Когда он объяснял людям что-то — он больше задавал вопросы, чем произносил собственные тезисы.
Рассказывать одну и ту же историю, не установив в ней всякий раз новую систему связей — ему было скучно.
Он очень ценил выдержанность стиля. Особенно в дворовых песнях и интерьерах дешевых кафе.
Подголовник автомобильного кресла он легко, в проброс, мог назвать подзатыльником, сам этого просто не заметив.
Свою собаку, бледного, несмотря на густую черноту, неврастеника-ньюфаундленда — однажды ночью с целью поднятия в нем боевого духа произвел в звание старшего матроса-моториста.
Для серьезного интеллектуала он был невероятно живым. Для живого человека — он был очень умным.
Ему удавалось успешно сопротивляться бесконечной заструктурированности века, при этом, не распуская в себе ни варвара, ни потребителя даже в бытовых мелочах.
Именно это и обеспечивало ему некое обаяние канатоходца в повседневной жизни.
Именно это составляет живость интонации любого его текста, который всегда кажется написанным человеком более свободным, нежели его читатель. И изящное безумие стиля в целом — метаморфозы простых слов, понятий, оценок вдруг выскакивают в таких местах, где их не замечаешь, потому что не ищешь.
Это была сугубо частная коллизия чувствительного и развитого человека, желавшего быть свободным по праву.
Похоже — слишком типичная для этого времени.
Невероятная дисциплинированность и окультуренность мысли — давала все более безотрадные результаты в осмыслении безумного мира и начинала тяготить.
Строгий анализ не приносил освобождения от тоски сплошной обусловленности.
И он очень ценил спонтанные ходы и навязчиво ловил спонтанные ситуации.

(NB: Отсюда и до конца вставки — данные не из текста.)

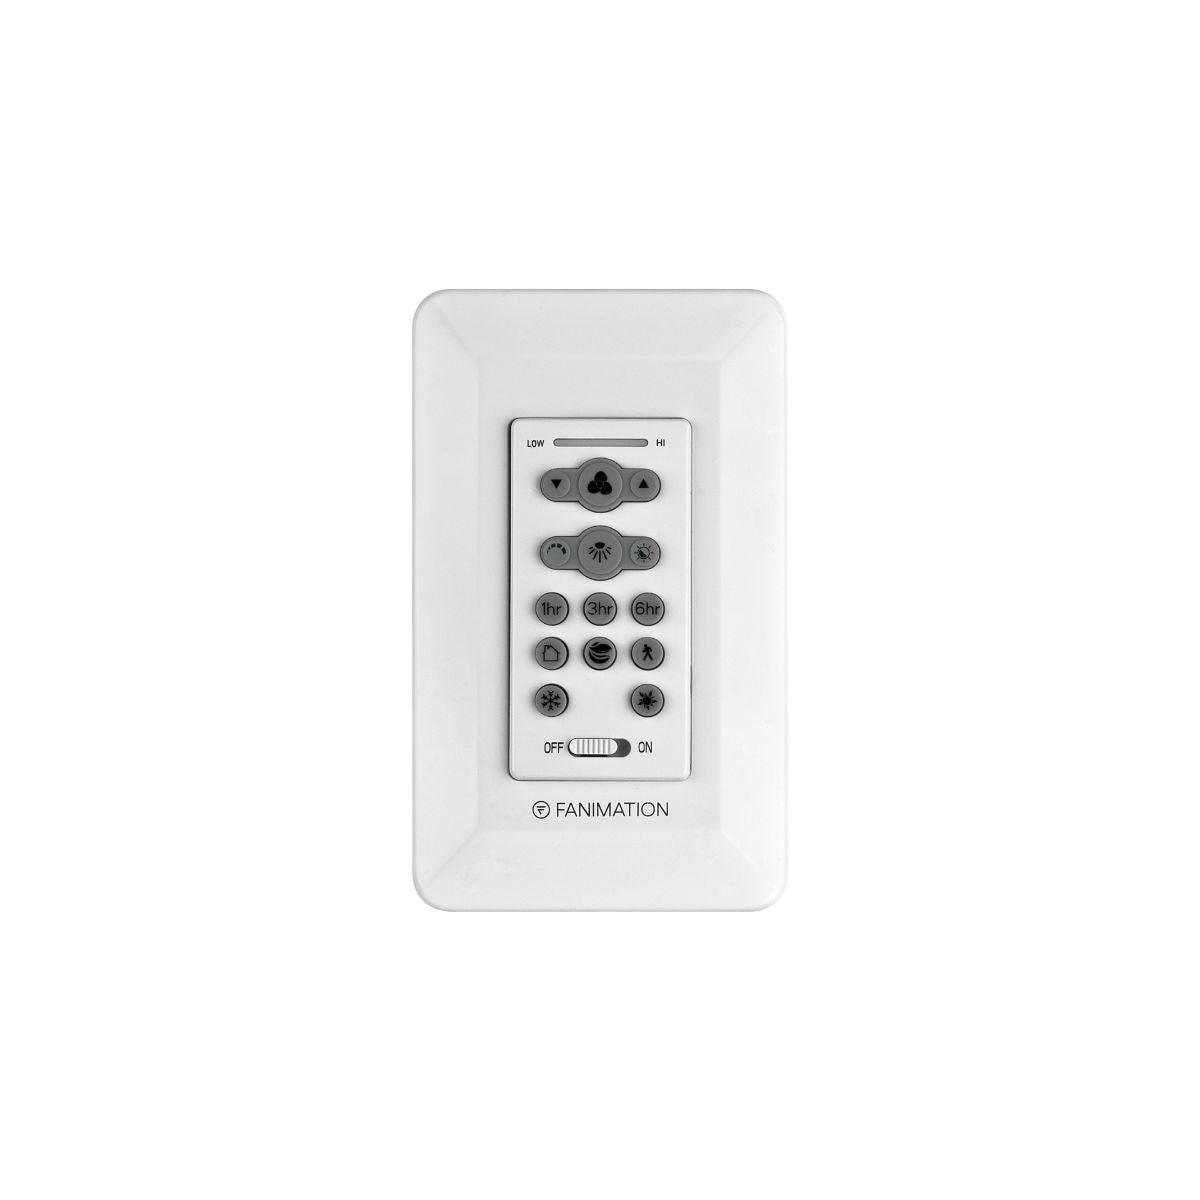 DC Motor 1.25-Amp Fully Variable Wired Touch Fan Control with Wall Plate Included, White Finish - Bees Lighting

Но неизбежно лишь формулировал через них общие правила нарушения правил.
Он был интерпретатором инноваций.
И автором роскошных бесхитростных фокусов, даривших неожиданное освобождение — даривших ощущение времени через неожиданное прочтение мифов, неожиданное понимание аутсайдеров, неожиданное пренебрежение отжившими условностями.
Потом он очень устал.
Было два варианта — умереть молодым. Либо нет.
Он умер относительно молодым.
Был вариант — не быть наивным.
Но не быть наивным — бездарно.
Памяти Сергея Добротворского // Сеанс. 1997. №16.